Wednesday, February 5, 2014

The wrong rebuke

The recent report by the U.N Committee on the Rights of the Child drew this response in a post by B.C. in the Erasmus blog at The Economist.
"There are no words strong enough to denounce the abuse and exploitation of children, and many will commend the report for adding its voice to the worldwide indignation over this ghastly phenomenon. But I do not think this report does justice, in any sense, to the subject. It is a rather sloppy document from a little-known bureaucratic agency. In its 16 pages, it leaps from matters over which there is total international consensus (the unacceptability of physically and sexually abusing children) to matters on which there is no such consensus among the world's countries and cultures, such as the appropriate nature of sexual or reproductive education for children. [see, e.g., page 13]"
Earlier B.C. also noted the report talks about changes to Church teaching on homosexuality [page 5] and abortion [page 12]. He concludes.
"Whatever the appropriate answer may be to the giant moral issue posed by child abuse in the Catholic church, this report is surely not it. Perhaps a committee of really eminent persons should be invited to probe the subject deeply, and stick to the subject."
Update: The Washington Post headlines its story U.N. panel blasts Vatican handling of clergy sex abuse, church teachings on gays, abortion.

Here's John Allen's first column for The Boston Globe, UN report on Vatican and sex abuse may hurt reform cause.

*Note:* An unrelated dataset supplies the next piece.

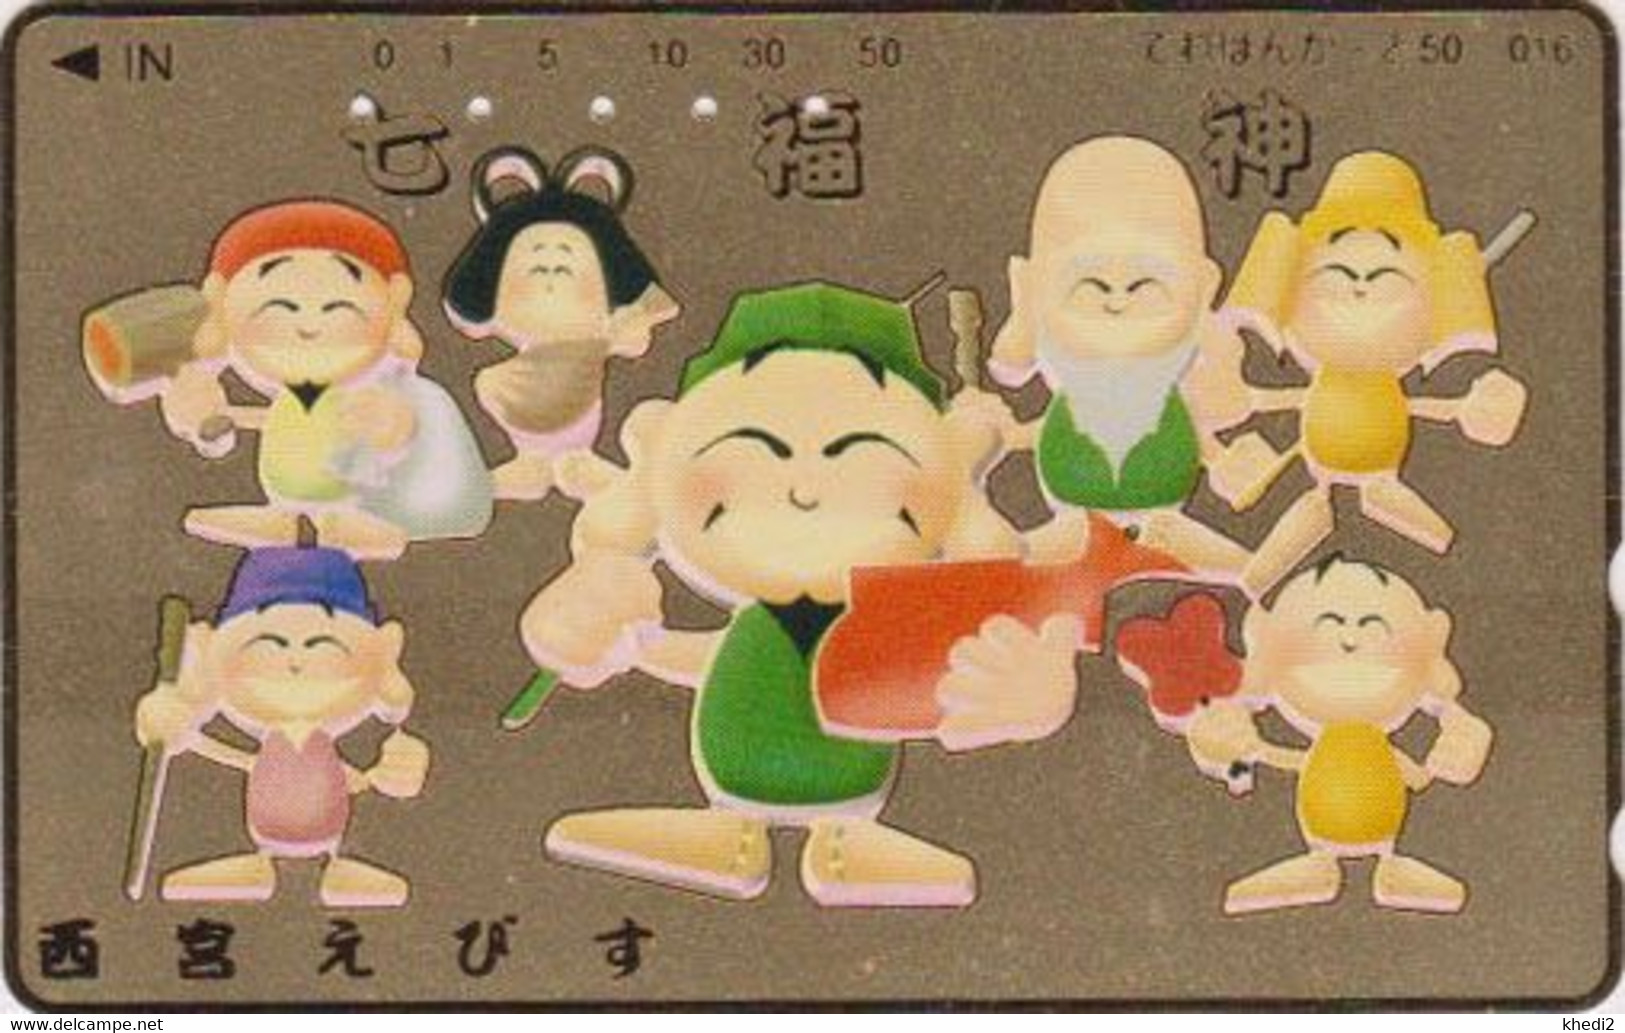 TC DOREE JAPON / 110-011 - Culture RELIGION - 7 DIEUX DU BONHEUR - LUCK GODS JAPAN GOLD Phonecard - 324 - Kultur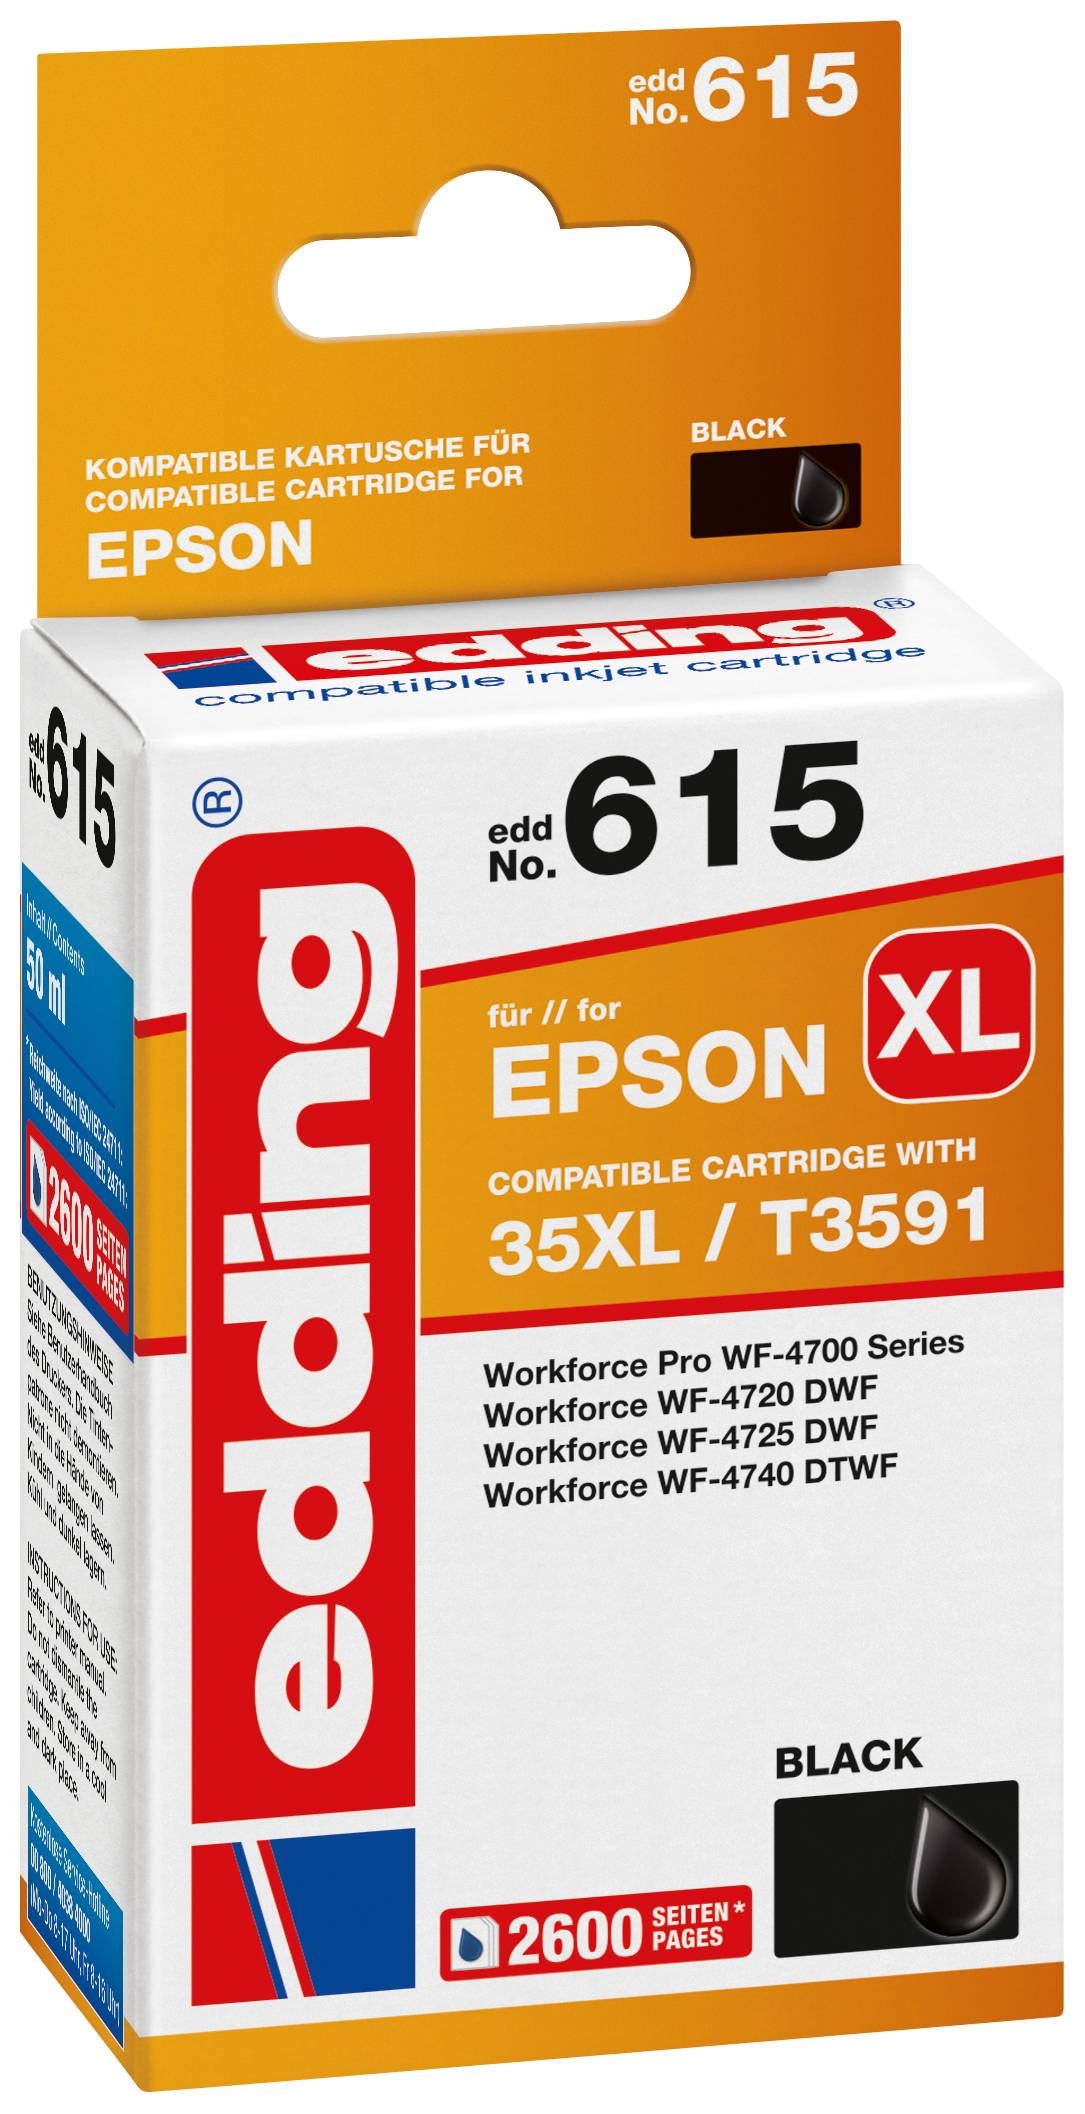 EDDING Tintenpatrone ersetzt Epson 35XL / T3591 Kompatibel einzeln Schwarz EDD-615 18-615

"The range of the report appeared to infuriate the Vatican, which last month sent two top officials to appear before the U.N. panel in Geneva for the first public accounting of the Holy See’s handling of abuse allegations. Officials said they are still studying the findings, but responded angrily to what they described as recommendations that are ideologically biased. They said the United Nations has no right to weigh in on church teachings."